Having the Earth and everyone and everything you love on it incinerated simultaneously by a solar flare might arguably not be as shitty as having to listen through Promise.
As you can see, Massacre and I have not always had the tightest of relationships, but the worst I could say for From Beyond was that it was 'just alright'. An early 'also-ran' record, sure, but there were only a few coattails to ride on at that point. Not the case with Back from Beyond, which is more or less an effortless doppelganger of decades of traditional death metal. And I mean effortless...Rick Rozz could hardly have spent more than mere moments conceiving such predictably insipid note progressions, and if you've already heard the Condemned to the Shadows EP from 2012, there's almost no point in tracking this down, since those are by far the best tunes here and the rest is monotonous filler with samey sounding rhythm guitars, and vocal patterns that are rarely distinguishable from one another. Of course, if you've listened to Autopsy, Death or Obituary's material from around 1987-1990, there's not much point listening to Massacre in the first place, but that goes without saying. This completely lacks the ambition one could hope for in a band who were around in the old days, and in fact the whole thing seems like its merely struggling to achieve the level of its 1991 predecessor, and settling for a comparable result. It goes a little too far in its quest for 'purity'.

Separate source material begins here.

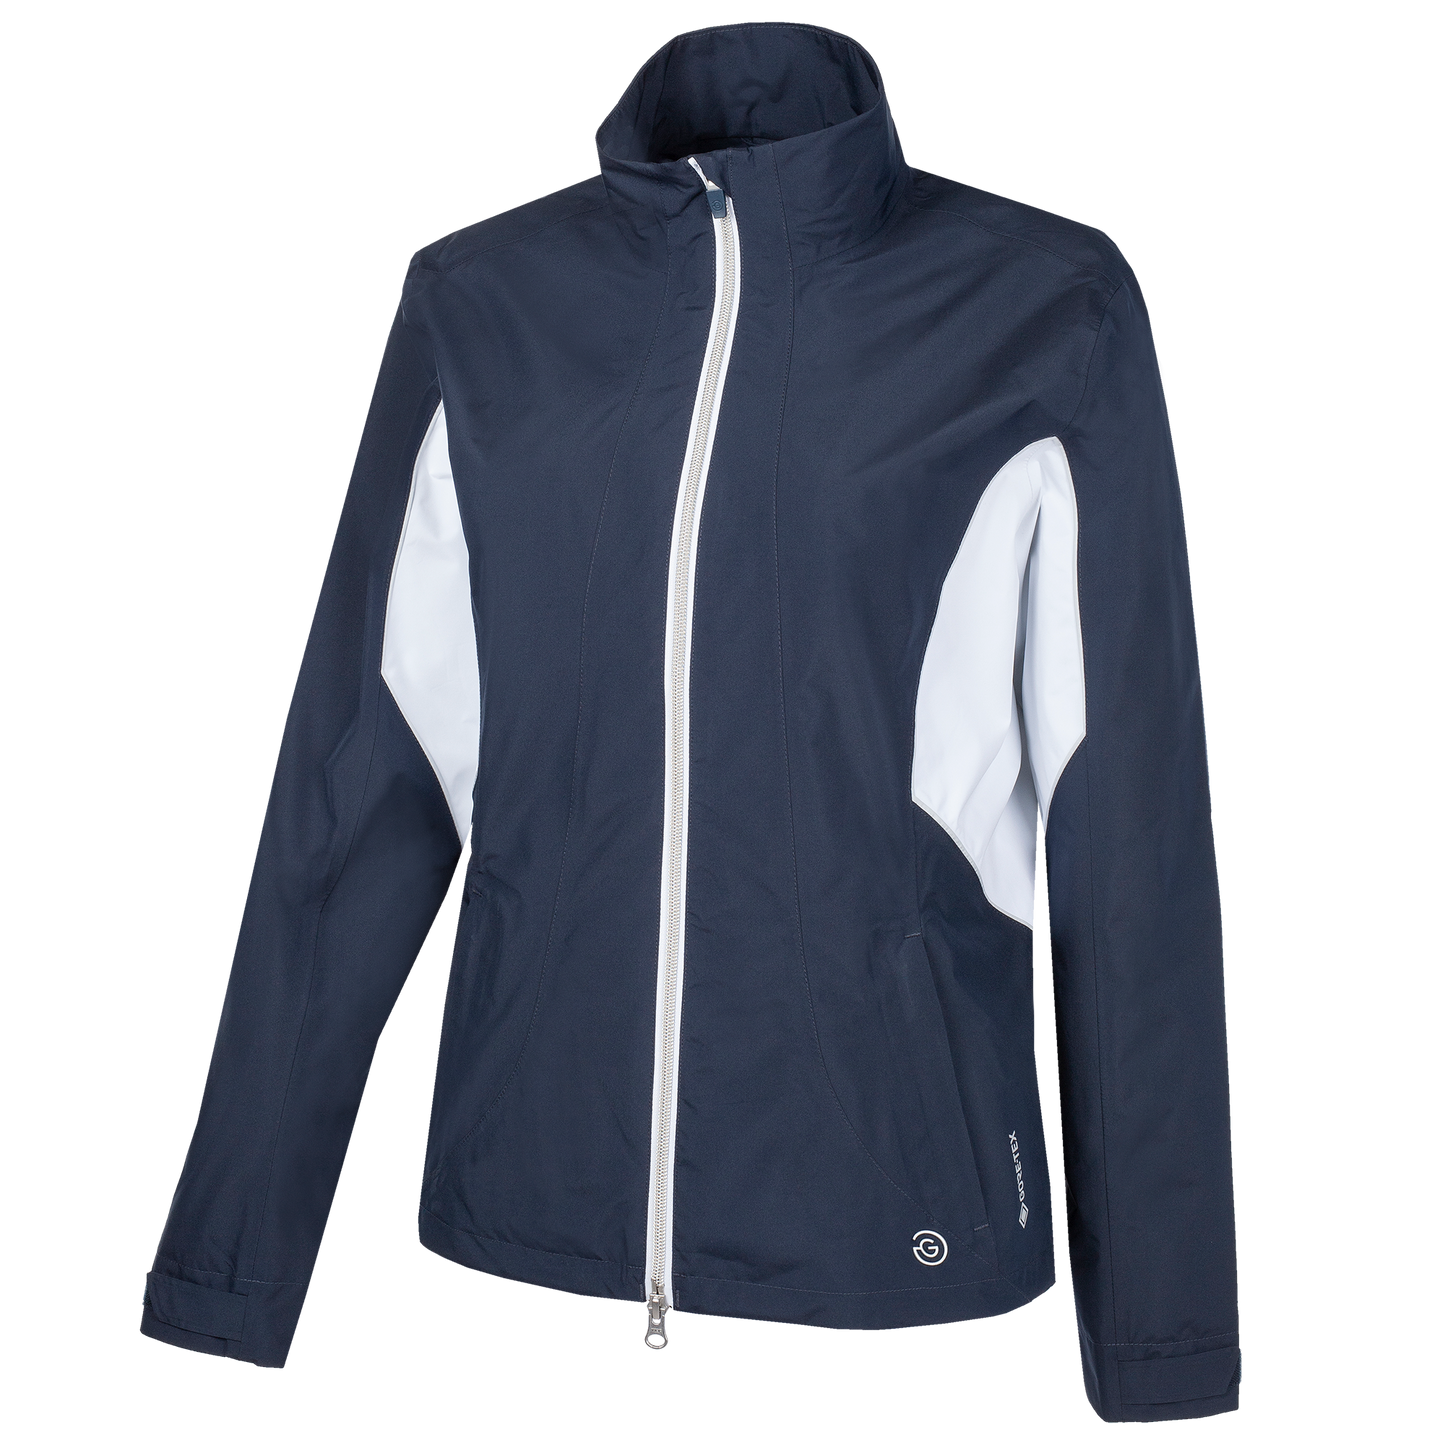 Galvin Green Ladies GORE-TEX Jacket with Lining in Navy and White

I'm not as offended by the lack of Kam Lee as some purists will be, because the guy was never one of my favorite growlers, but he's moved on to better bands; not to mention Edwin Webb functions close to a modern analog for that sort of grotesque, sustained guttural. But this is so far below the gruesome character exhibited by a John Tardy, Chuck Schuldiner, Chris Reifert, Martin van Drunen or Paul Speckmann during their primes that it might fall out the opposite side of the planet. Likewise, the chords and tremolo picked guitars, as meaty as their tone is, are unshakably bland, patterns that have all been done to death (rimshot) countless times whether we're talking Benediction, Bolt Thrower, Death, Obituary or 72 other bands from the early waves...not to mention the myriad of newer aspirants to the throne of banality. I mean, on a purely production level, I don't have many complaints...the bass is loud and raunchy, the guitars fleshy, the drums accurate and struck powerfully, and the vocals cut right across the instruments, but Back from Beyond is just so devoid of creativity and passion that it seems like it might have just been assembled by robots as some sort of distillation of 'death metal' principles meant to teach children what the genre sounds like.
It hits harder than From Beyond did, but not in any meaningful way...drum and guitar tones just sound so much brighter and more voluminous than they did 24 years ago. The fact is, no matter how heavy it tries to come across, the vacancy of quality songwriting holds it back. Even the leads just feel like sound effects that escaped the Leprosy recording sessions, and have no interesting structure to them. A real failure to launch here. 6-7 minutes and just two songs of this on that previous EP were decent enough, if not exceptional, but hearing them plugged into a 45 minute framework with 14 songs that almost all sound similar beyond the one minute dark ambient intro. Didn't anyone in the band listen through this batch of songs and think to himself 'we could use a little more variety'? By about 10-15 minutes into the album, it was nap-inducing, but by the time I finished, it was practically torture. It's unfortunate, because I almost always want these old timers to kick some ass, and teach the newbies how it's done, but judging by what I'm hearing on this, Massacre seems to require that lesson themselves. It's not the worst thing I've ever heard by a landslide, but sadly you hear one cut from this and you've essentially heard them all; they should be capable of better.